• _Collected data_:
--- START ---
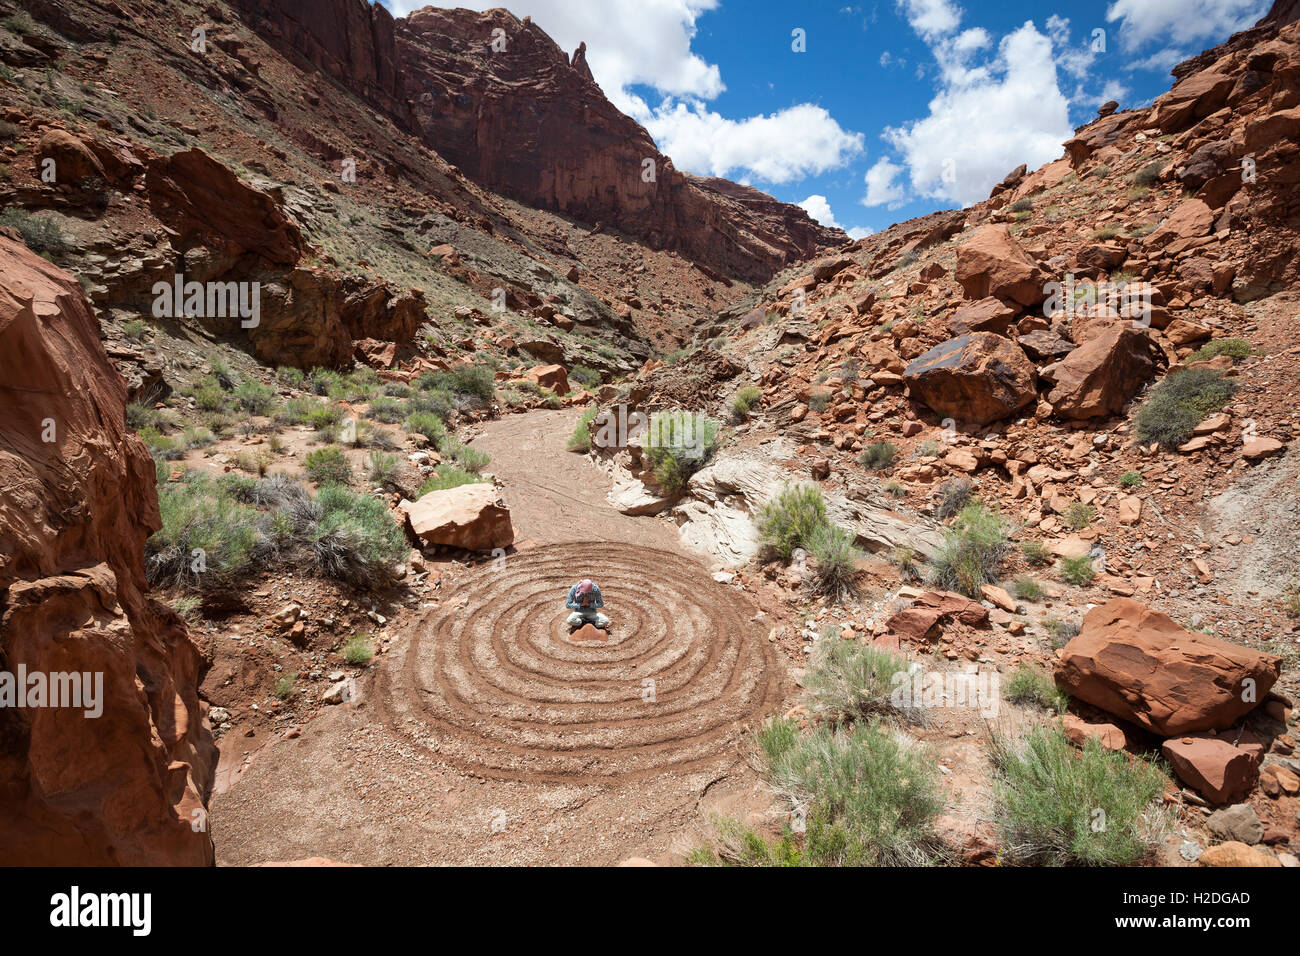 Ein Mann, meditieren oder beten das Zentrum des Spiral-Design in der Wüste Stockfoto
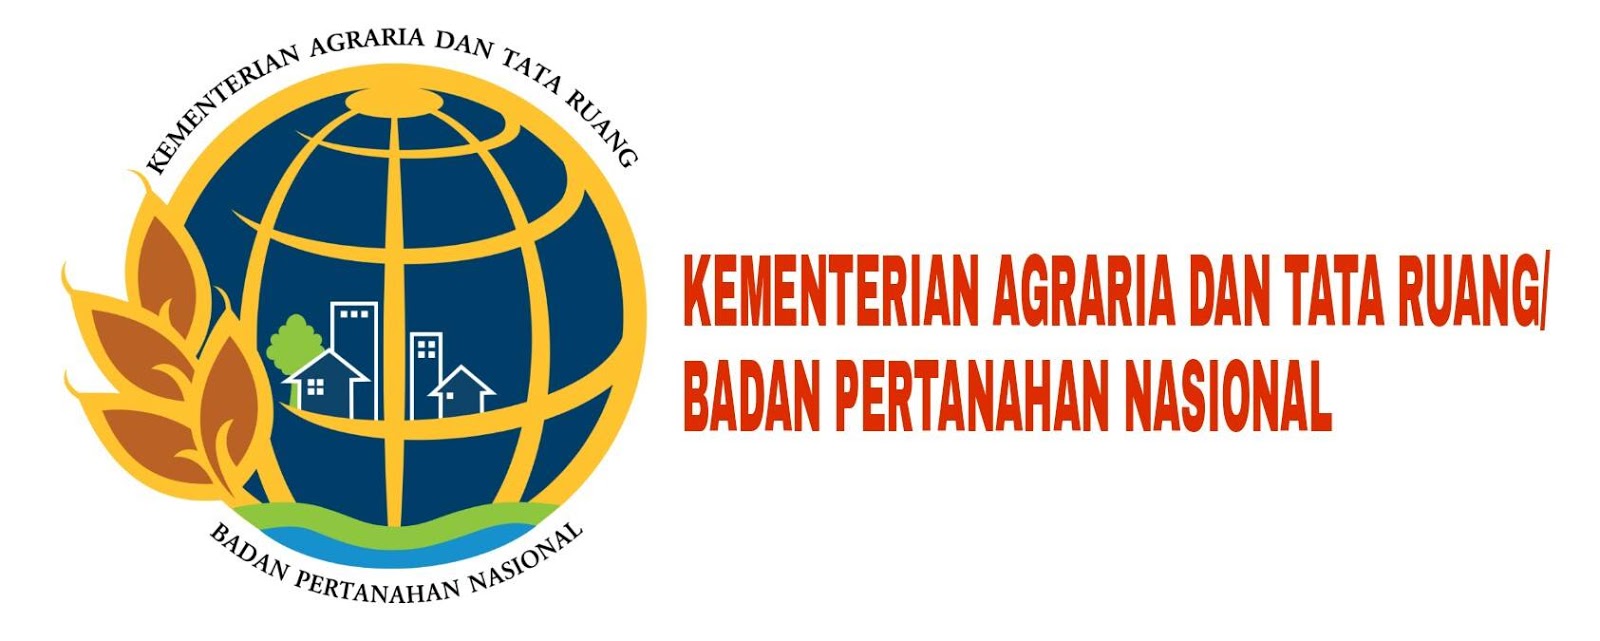 ATR BPN Aceh PEDULI LINGKUNGAN
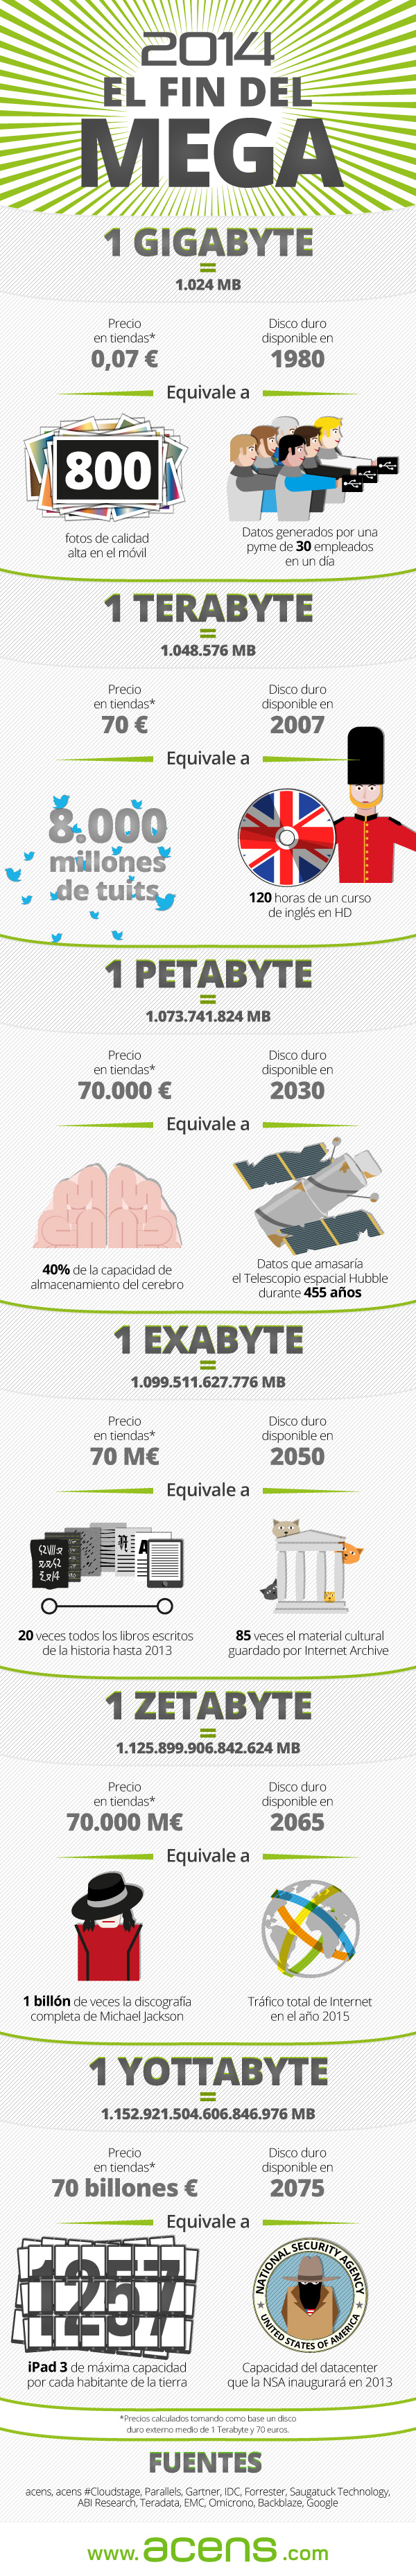 infografia-2014-el-fin-del-mega-acens-cloud
--- END ---
• _About this exercise_: With pictures left out, extract the lines from the one containing "ATR BPN Aceh PEDULI LINGKUNGAN" to the end of the material above, both included, exactly as written.

• _Answer for the task_:
 ATR BPN Aceh PEDULI LINGKUNGAN
 infografia-2014-el-fin-del-mega-acens-cloud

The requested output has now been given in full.